When I log into the GUI front end in my web browser the main log (a preview is shown at the bottom of the screen) is reporting the following:
Code:
Oct 6 06:32:01 freenas smartd[2337]: Device: /dev/ada1, FAILED SMART self-check. BACK UP DATA NOW! Oct 12 10:32:01 freenas smartd[2337]: Device: /dev/ada0, FAILED SMART self-check. BACK UP DATA NOW! Oct 13 08:02:02 freenas smartd[2337]: Device: /dev/ada2, FAILED SMART self-check. BACK UP DATA NOW! Oct 13 08:02:02 freenas smartd[2337]: Device: /dev/ada3, FAILED SMART self-check. BACK UP DATA NOW!

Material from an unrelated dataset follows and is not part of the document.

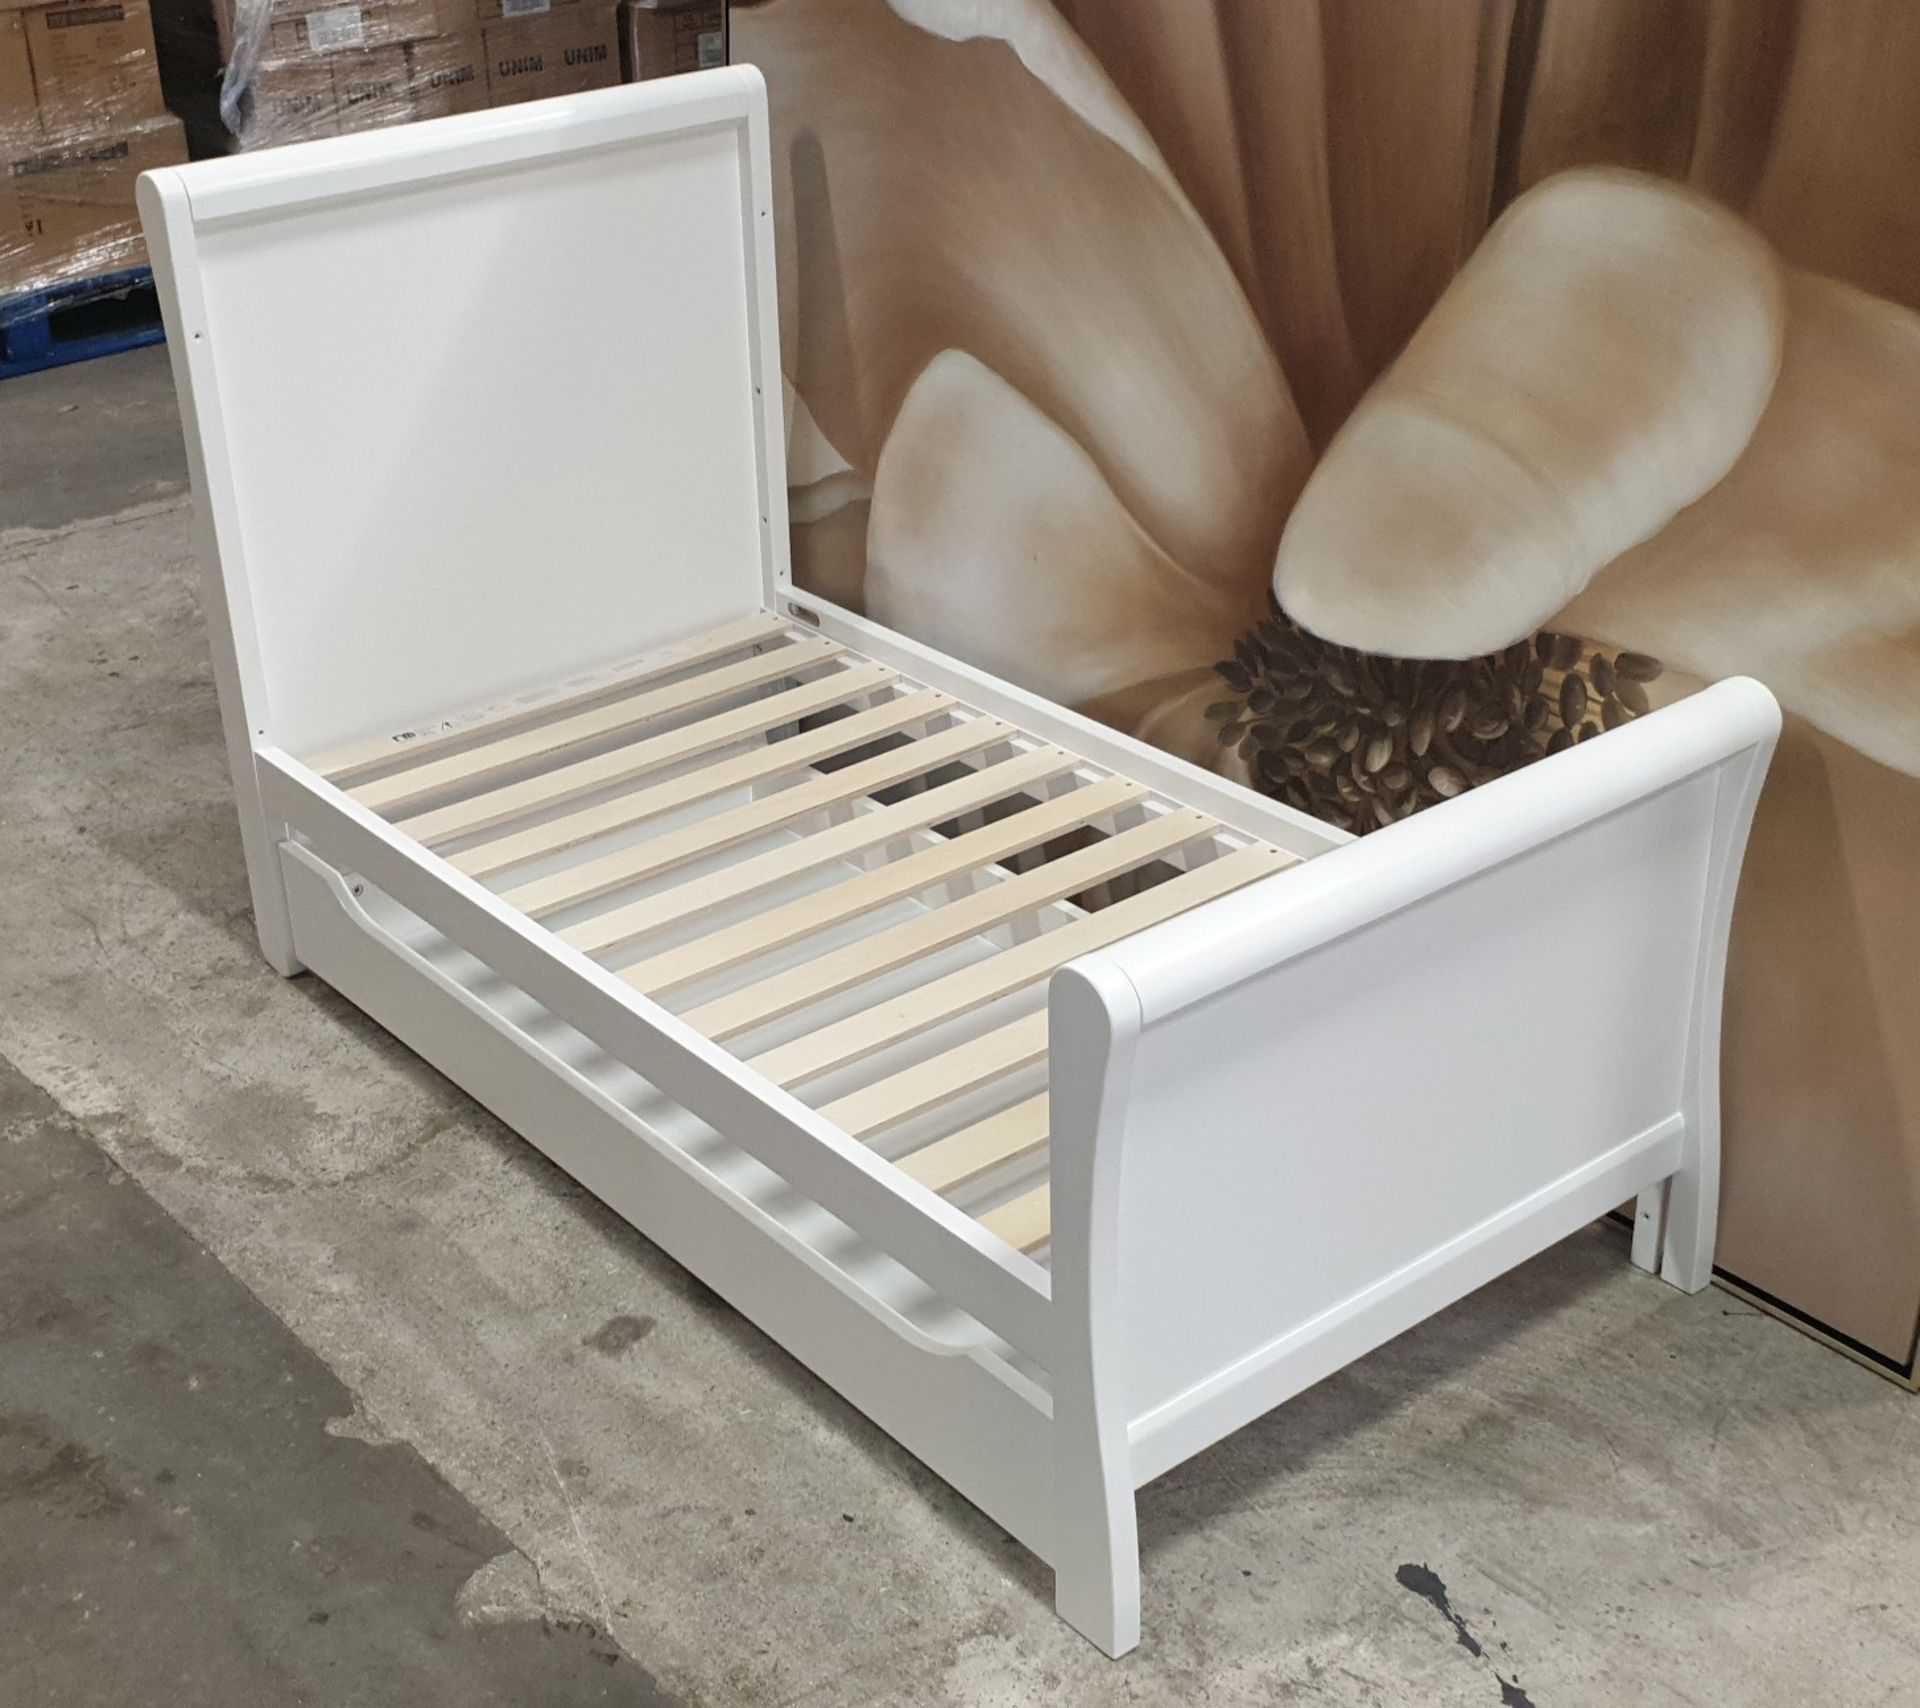 BRAND NEW MOTHERCARE HIGH GLOSS WHITE SLEIGH COT BED WITH STORAGE DRAWER - (KB488) - RRP £299 - IN 2 - Image 2 of 2

Very clear, but upsetting, since that's 4 out of 6 hard drives. I have spent today doing extra backups of my NAS, for obvious reasons. Wanting some more details, I opened the console and ran the command:
smartctrl -h /dev/ada0 | more
the interesting bits were:
Code:
=== START OF INFORMATION SECTION === Model Family: Western Digital Red (AF) Device Model: WDC WD30EFRX-68AX9N0 Serial Number: WD-WCC1T1490741 LU WWN Device Id: 5 0014ee 2b38719e7 Firmware Version: 80.00A80 User Capacity: 3,000,592,982,016 bytes [3.00 TB] Sector Sizes: 512 bytes logical, 4096 bytes physical Device is: In smartctl database [for details use: -P show] ATA Version is: ACS-2 (minor revision not indicated) SATA Version is: SATA 3.0, 6.0 Gb/s (current: 6.0 Gb/s) Local Time is: Sun Oct 13 18:53:39 2013 PDT SMART support is: Available - device has SMART capability. SMART support is: Enabled === START OF READ SMART DATA SECTION === SMART overall-health self-assessment test result: PASSED ... SMART Attributes Data Structure revision number: 16 Vendor Specific SMART Attributes with Thresholds: ID# ATTRIBUTE_NAME FLAG VALUE WORST THRESH TYPE UPDATED WHEN_FAILED RAW_VALUE 1 Raw_Read_Error_Rate 0x002f 200 200 051 Pre-fail Always - 0 3 Spin_Up_Time 0x0027 179 175 021 Pre-fail Always - 6008 4 Start_Stop_Count 0x0032 100 100 000 Old_age Always - 18 5 Reallocated_Sector_Ct 0x0033 200 200 140 Pre-fail Always - 0 7 Seek_Error_Rate 0x002e 200 200 000 Old_age Always - 0 9 Power_On_Hours 0x0032 099 099 000 Old_age Always - 1067 10 Spin_Retry_Count 0x0032 100 253 000 Old_age Always - 0 11 Calibration_Retry_Count 0x0032 100 253 000 Old_age Always - 0 12 Power_Cycle_Count 0x0032 100 100 000 Old_age Always - 18 192 Power-Off_Retract_Count 0x0032 200 200 000 Old_age Always - 8 193 Load_Cycle_Count 0x0032 200 200 000 Old_age Always - 9 194 Temperature_Celsius 0x0022 122 115 000 Old_age Always - 28 196 Reallocated_Event_Count 0x0032 200 200 000 Old_age Always - 0 197 Current_Pending_Sector 0x0032 200 200 000 Old_age Always - 0 198 Offline_Uncorrectable 0x0030 100 253 000 Old_age Offline - 0 199 UDMA_CRC_Error_Count 0x0032 200 200 000 Old_age Always - 17 200 Multi_Zone_Error_Rate 0x0008 200 200 000 Old_age Offline - 0 SMART Error Log Version: 1 No Errors Logged SMART Self-test log structure revision number 1 Num Test_Description Status Remaining LifeTime(hours) LBA_of_first_error # 1 Extended offline Completed without error 00% 1038 - # 2 Extended offline Completed without error 00% 870 -
Unless I am reading this totally wrong, this is saying there are zero errors, and everything is looking good. I am getting the same results for the other 5 drives in the system. I can see no useful difference between the "failing" drives and the healthy drives.
I then ran
zpool status Main-Storage
which returned:
Code:
pool: Main-Storage state: ONLINE scan: scrub repaired 0 in 4h50m with 0 errors on Sat Oct 5 04:50:21 2013 config: NAME STATE READ WRITE CKSUM Main-Storage ONLINE 0 0 0 raidz2-0 ONLINE 0 0 0 gptid/ef2bd5c3-1188-11e3-8467-c83a35d12cd7 ONLINE 0 0 0 gptid/efa5f830-1188-11e3-8467-c83a35d12cd7 ONLINE 0 0 0 gptid/f0222234-1188-11e3-8467-c83a35d12cd7 ONLINE 0 0 0 gptid/f09a8dc3-1188-11e3-8467-c83a35d12cd7 ONLINE 0 0 0 gptid/f1108fc6-1188-11e3-8467-c83a35d12cd7 ONLINE 0 0 0 gptid/f186fb53-1188-11e3-8467-c83a35d12cd7 ONLINE 0 0 0 errors: No known data errors
Can anyone offer any thoughts or suggestions? Am I just misunderstanding this? The log messages are very clear, but seem to contradict the SMART test results.
In theory a scrub will be run every Saturday, as recommended here: http://doc.freenas.org/index.php/ZFS_Scrubs
but my initial settings were not quite right, so only one scrub has been run so far it seems.
If I have not provided enough details, which is likely, what information will help?